## The data
↓

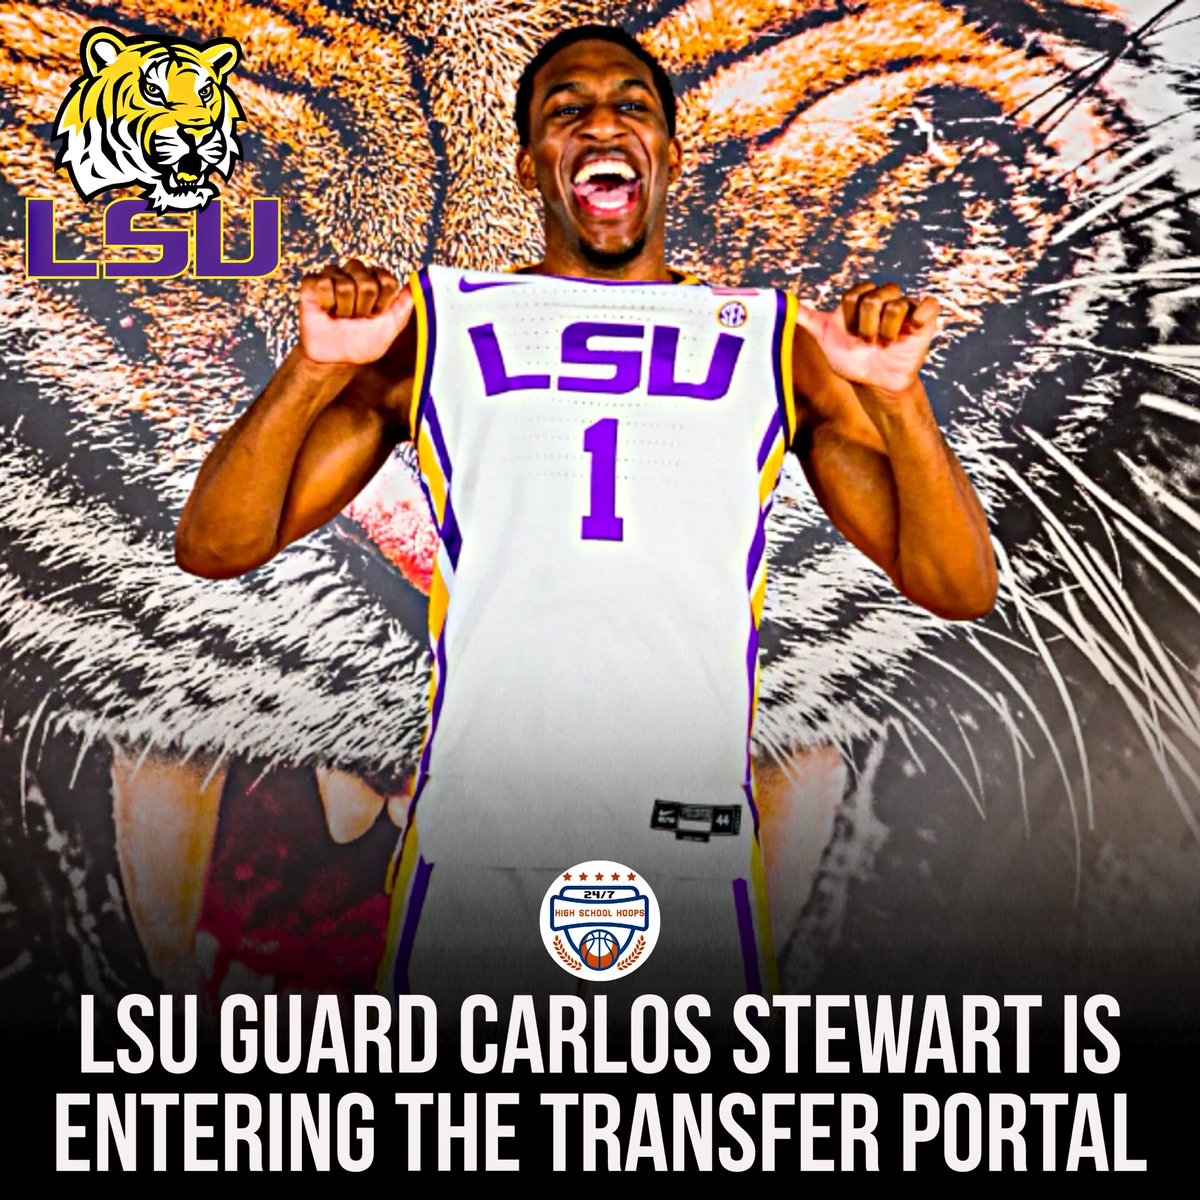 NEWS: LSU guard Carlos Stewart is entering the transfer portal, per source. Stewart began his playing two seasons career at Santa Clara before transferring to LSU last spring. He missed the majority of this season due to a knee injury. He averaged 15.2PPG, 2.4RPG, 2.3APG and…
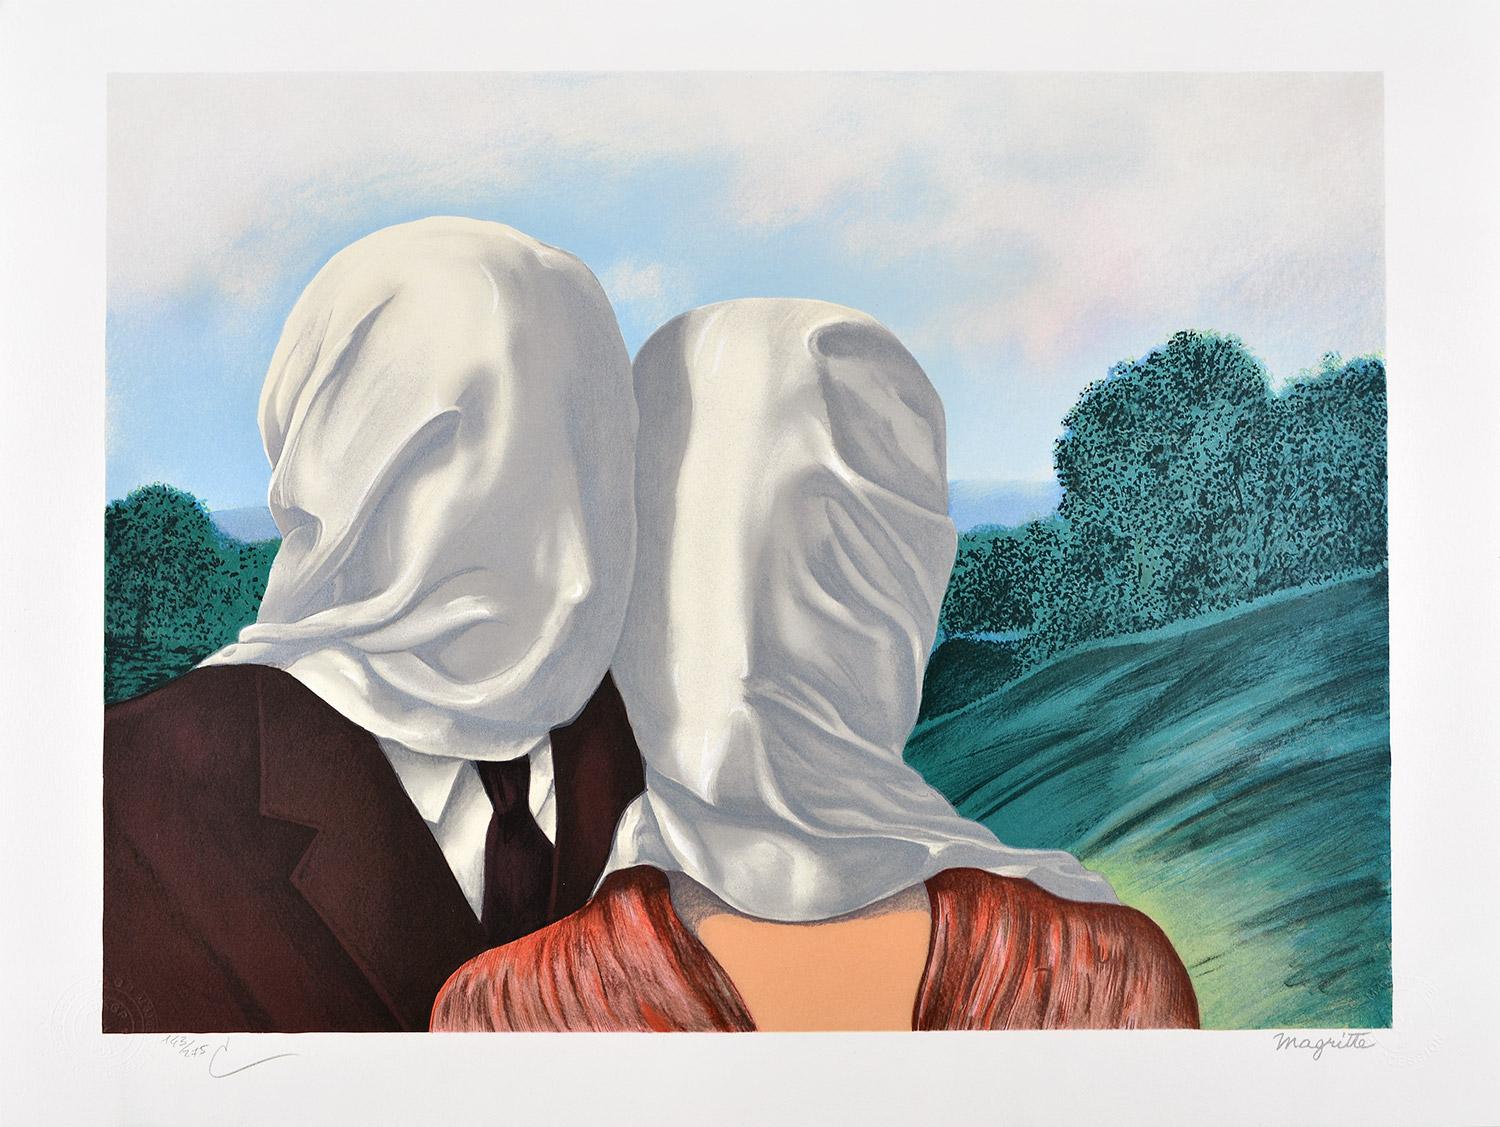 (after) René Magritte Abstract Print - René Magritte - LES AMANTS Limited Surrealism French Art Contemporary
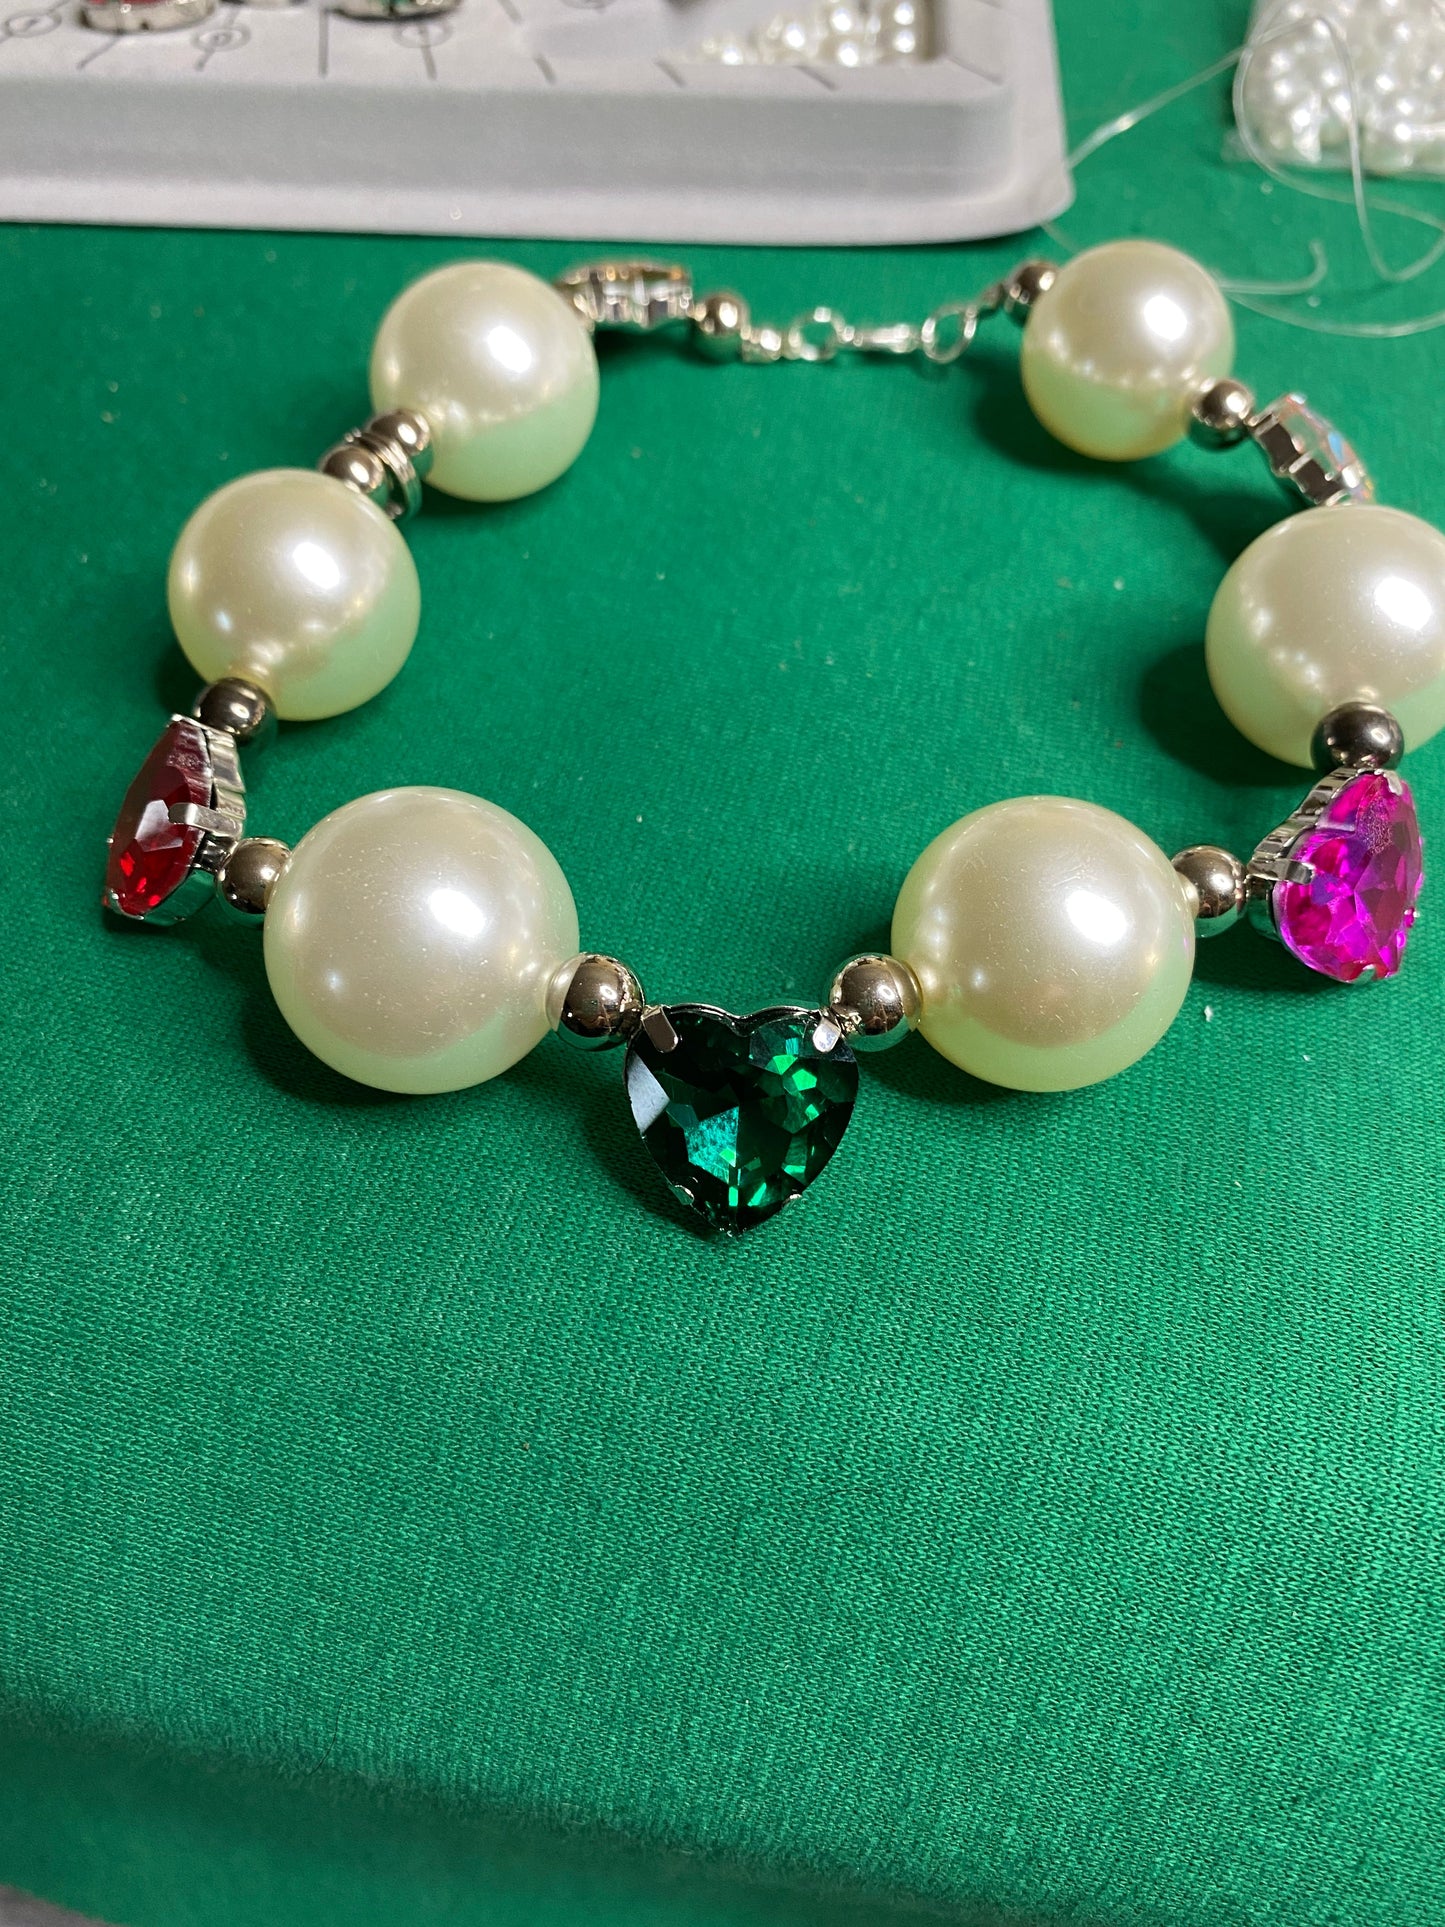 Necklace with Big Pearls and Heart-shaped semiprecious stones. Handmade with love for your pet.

↑

## What is being asked
Exclude the pictures and give back the rest of the data above exactly as written.

## Result below
 NEWS: LSU guard Carlos Stewart is entering the transfer portal, per source. Stewart began his playing two seasons career at Santa Clara before transferring to LSU last spring. He missed the majority of this season due to a knee injury. He averaged 15.2PPG, 2.4RPG, 2.3APG and…
 (after) René Magritte Abstract Print - René Magritte - LES AMANTS Limited Surrealism French Art Contemporary
 Necklace with Big Pearls and Heart-shaped semiprecious stones. Handmade with love for your pet.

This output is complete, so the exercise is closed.